The licences already incorporate a number of methods to protect against ID fraud; these will soon be joined by a blockchain-based system called TrustGrid developed by Australian firm Secure Logic, an incumbent supplier to Australian government.

"The Digital Driver Licence has a range of security technologies protecting the integrity of the system and privacy of a customer's identity," a NSW spokesperson told iTNews.

The aim of the scheme is to use a blockchain-based system to secure and authenticate the information held on the licences, allowing users to validate themselves via a smartphone app without requiring further checks. The app also allows users to renew their licence or amend their details without recourse to the authorities.

The blockchain trial started last year in the town of Dubbo. 1,400 volunteers signed up for a three-month trial, using their digital licence as proof of identity and age in pubs and clubs. It will soon be expanded to 140,000 users in Sydney before an expected statewide rollout by the end of 2019.
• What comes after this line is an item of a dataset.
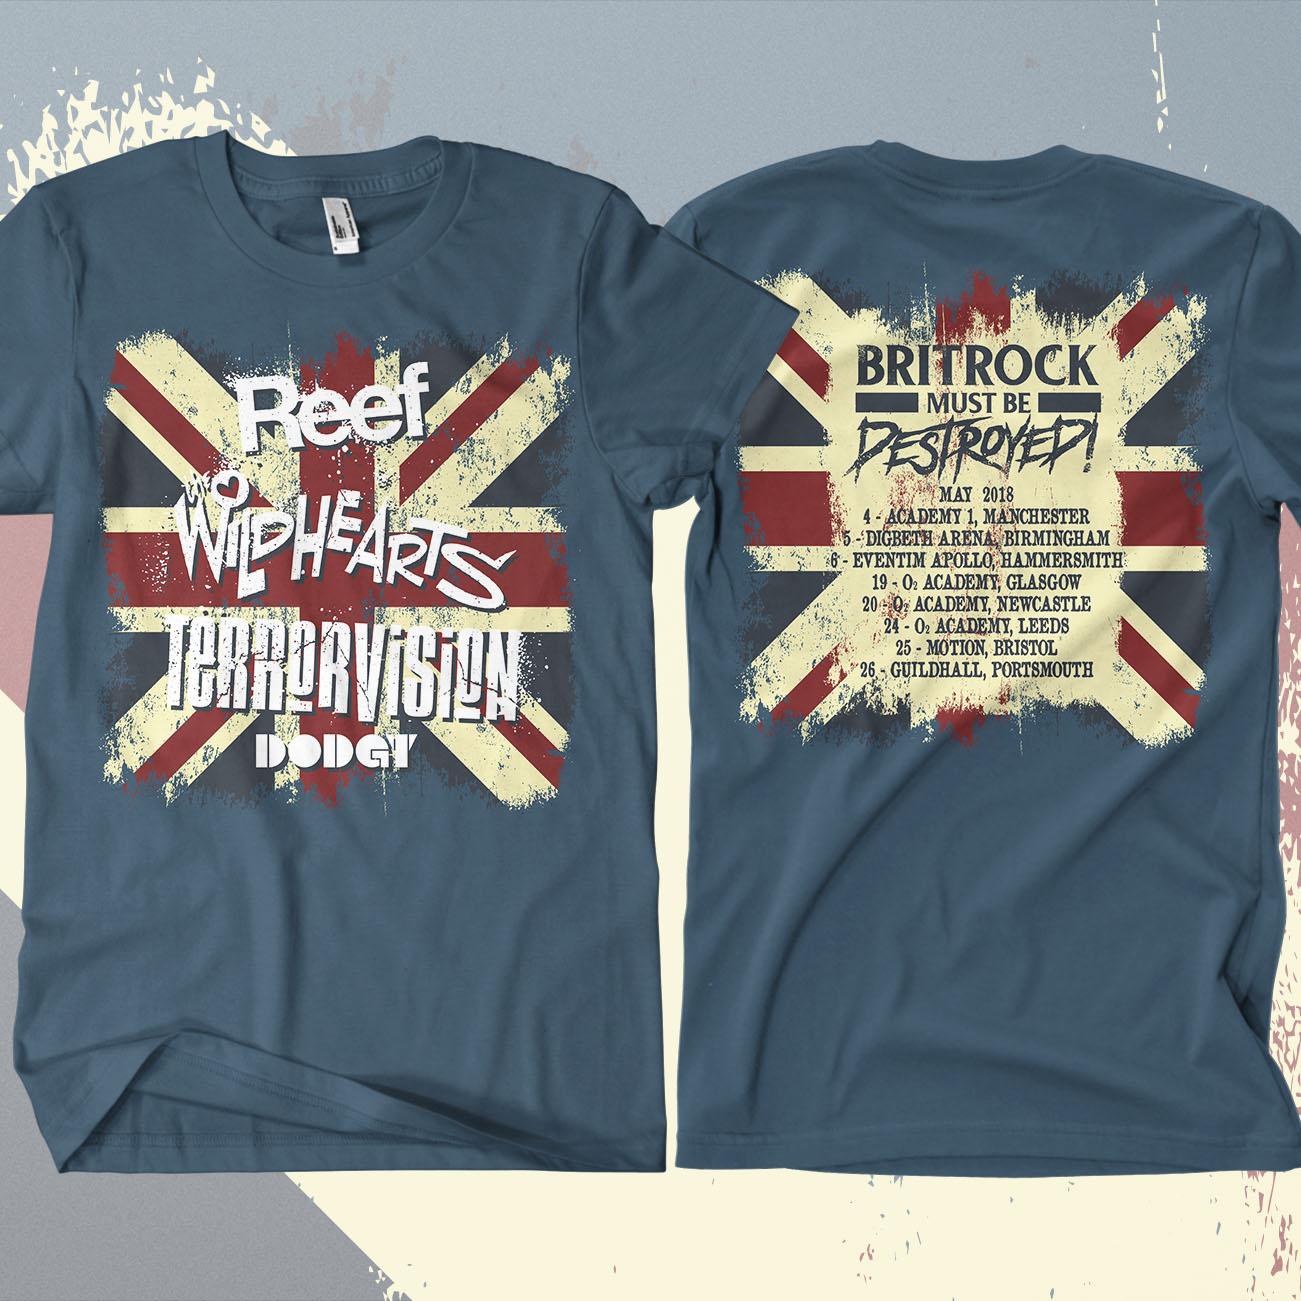 Reef - 'Britrock Must Be Destroyed' Blue UK Tour T-Shirt - Omerch

Secure Logic CEO Santosh Devaraj is (understandably) keen to push the wider implications of the trial for government services.

"The era of standing in line to file government paperwork is coming to an end, as is our reliance on physical identification cards to establish your identity or proof of age with law enforcement or at licensed venues. These are mistake prone, time-consuming, expensive, and impractical ways to offer services," he said.